Quid d'aujourd'hui ? La phrase « le réel est dans l'écran» reste vraie à condition qu'on l’élargisse à tous les écrans disponibles, plus simplement le poste de télévision, mais aussi les écrans des smartphones. La tendance dominante des analyses consiste à dire qu’au fond, la télé est morte. Toutes les études montrent qu'il y a effectivement une baisse structurelle du temps d'écoute et du temps passé devant la télévision. Par exemple, Jérôme Fourquet dans son Archipel Français, justifie l’idée d’une fragmentation de la société française par la perte d’influence des mass media. TF1 est passé en 1988 de 45 % de part de marché à aujourd'hui moins de 20 % aujourd’hui. Lorsqu’on a deux chaînes de télévisions auxquelles sont accolées la quasi-totalité de la population, on forge du commun. C’est moins le cas lorsqu’il y a un éclatement de l’offre, expliquait Jérôme Fourquet.
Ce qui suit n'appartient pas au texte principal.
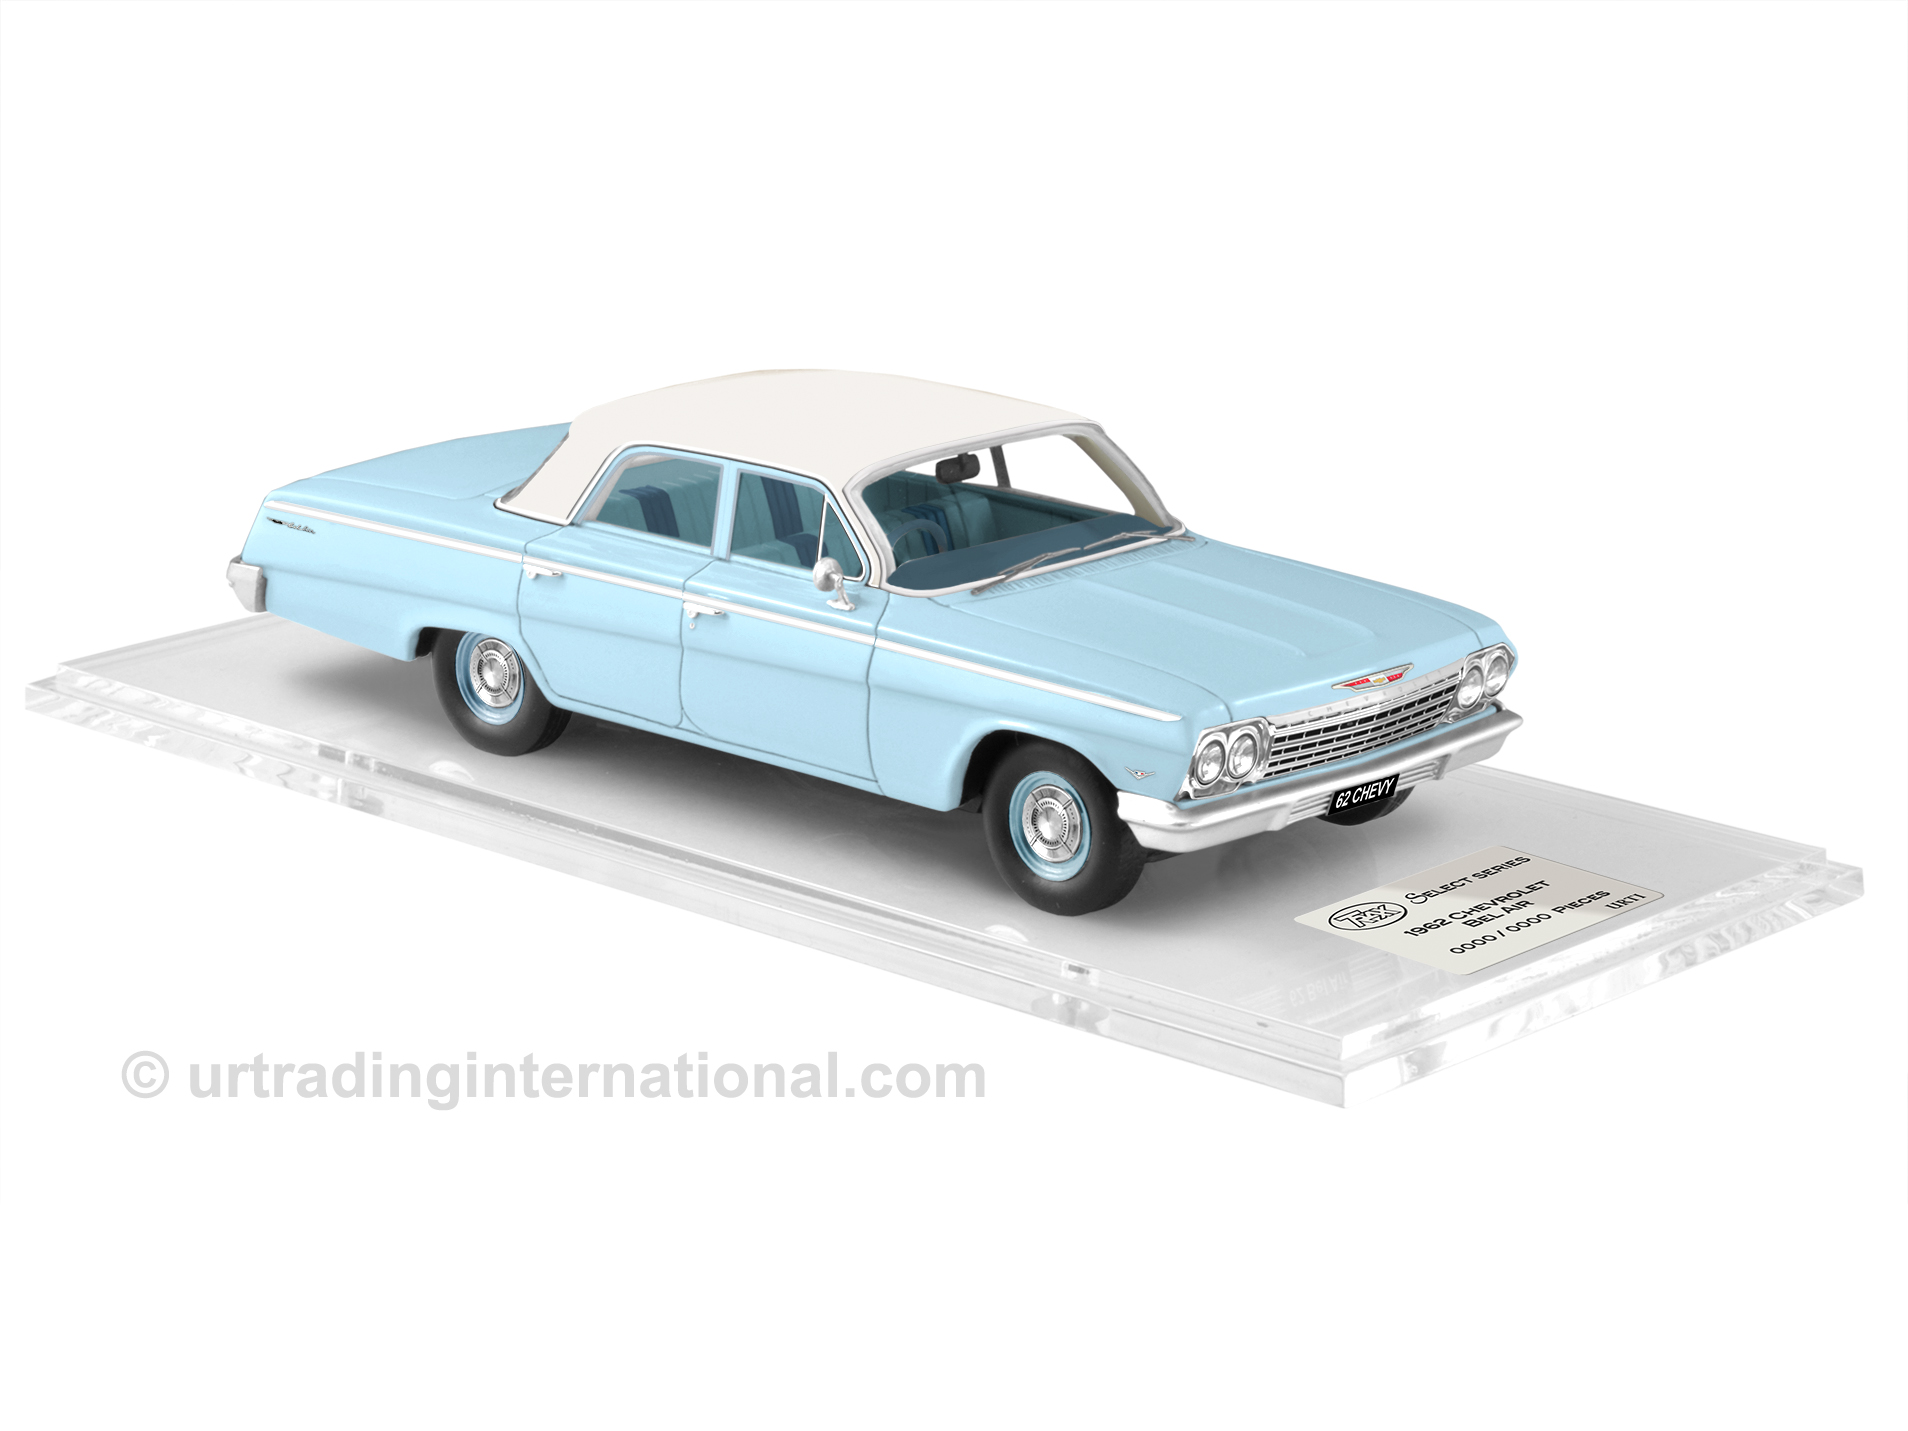 1962 Chevrolet Bel Air – Wedgewood Blue

La Fièvre fait entendre une musique tout à fait différente : la télé bouge encore ! La série montre que les pratiques de déstabilisation passent par les réseaux sociaux : c’est Marie Kinsky qui, pour fabriquer l’opinion dans son sens, recours à ce qu'on appelle l'astroturfing, en utilisant une ferme de trolls, des bots pour donner l'illusion d'un matraquage majoritaire sur les réseaux sociaux. En revanche, pour répliquer à ces pratiques de déstabilisation, Sam Berger comprend qu'il ne faut pas utiliser les mêmes armes. Structurellement, explique-t-elle, le médium réseau sociaux est un outil de polarisation. Par conséquent, pour répondre, elle va préférer un autre canal : la télévision. Dans la série, la télé est vue comme un régulateur de passion, un médium qui apaise, qui crée du consensus, qui fédère autour d'émotions positives. L'une des réponses de la communicante, c’est d’organiser un concert de charité retransmis à la télé, où et l'entraîneur et le joueur se réconcilient autour d'une chanson, celle de Bécaud, « Je reviens te chercher ». Bien sûr, c'est guimauve, mais ce kitsch fédère.
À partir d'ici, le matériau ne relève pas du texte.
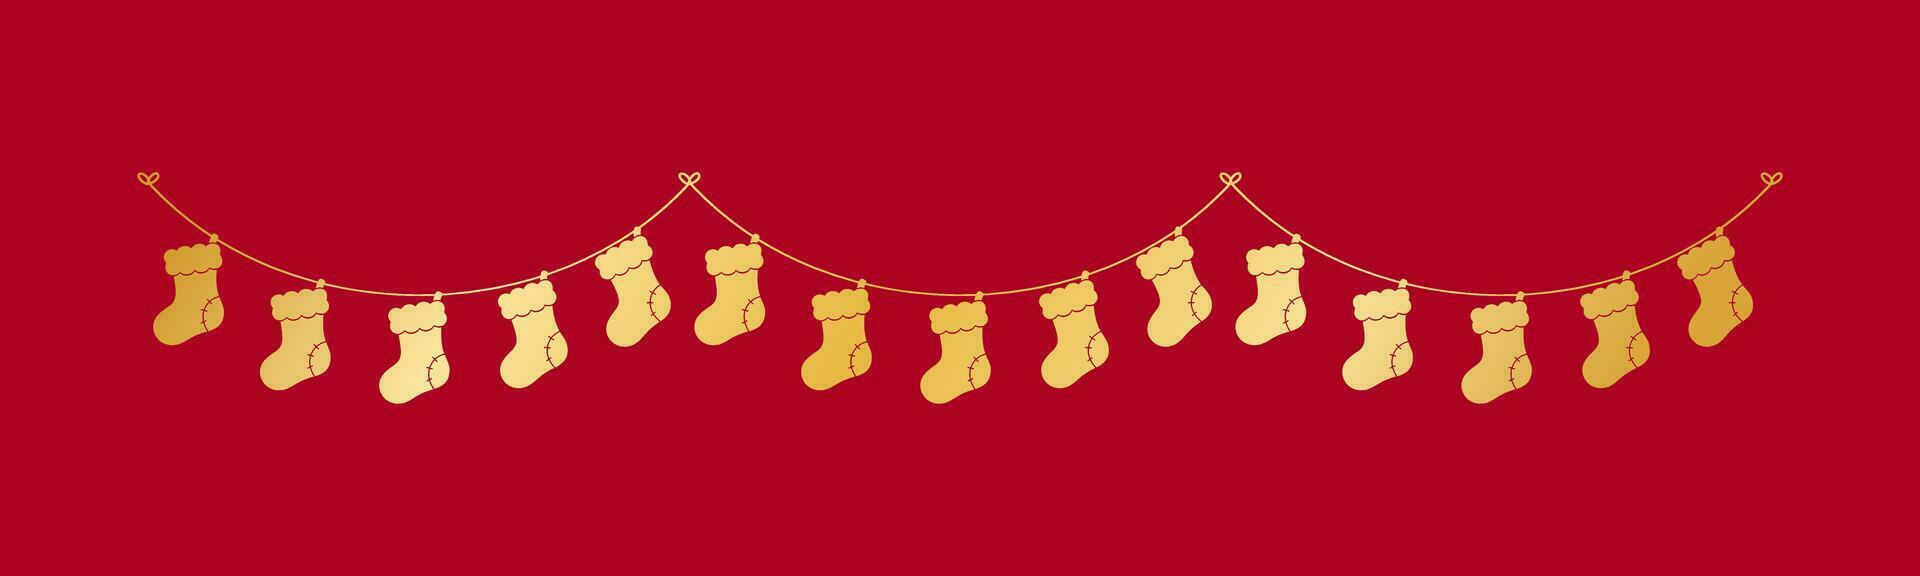 goud Kerstmis kous silhouet slinger vector illustratie, Kerstmis sokken grafiek feestelijk winter vakantie seizoen vlaggedoek

Qui est-ce qui aujourd’hui pourrait être l’héritier de Jacques Pilhan ?

Biographiquement, Jacques Pilhan est quelqu'un de fascinant - ce que je veux dire, c'est que ce n'est pas un technocrate de la com, il n’a pas fait Sciences Po, n’est pas passé en cabinet ministériel. C'est un type qui, jusqu'à l'âge de 37 ans, était serveur dans une brasserie près de la Porte Maillot, qui jouait au poker, fréquentait des malfrats. C’est un marginal, qui s’est construit tout seul une grande culture intellectuelle et littéraire. Grand connaisseur de Guy Debord, il a découvert, fasciné, la psychanalyse. Et c'est un peu par hasard que l'un de ses proches lui a proposé de rencontrer Jacques Séguéla. C’est comme cela qu’il est rentré chez RSCG et est devenu le stratège de la «Force tranquille» et de la campagne de Mitterrand.

Aujourd’hui, ce genre de parcours est rarissime. Plus aucun communicant ne baigne dans la culture de la marginalité et de la créativité, à la manière d’un Jean-Luc Aubert, peintre, psychologue, qui a traîné ses guêtres dans les milieux d'avant-garde artistiques et littéraires. De ce strict point de vue biographique et intellectuel, je ne vois aucun Jacques Pilhan aujourd’hui.

Deuxième élément qui serait très difficile à mettre en place aujourd'hui : le modèle même de Temps public, l’agence de Jacques Pilhan. Pendant les deux septennats Mitterrand, il a créé une structure externe, en toute confidentialité, en étant rémunéré … directement par François Mitterrand lui-même ! Aujourd'hui juridiquement, ce serait bien sûr impossible : Emmanuel Macron ne peut pas payer un communicant de sa poche. De même, on ne peut plus commander des « quali » en toute opacité - l’affaire Buisson sous Sarkozy a bien montré qu’aujourd’hui, les choses étaient beaucoup plus cadrées juridiquement, pour éviter les abus de pouvoir.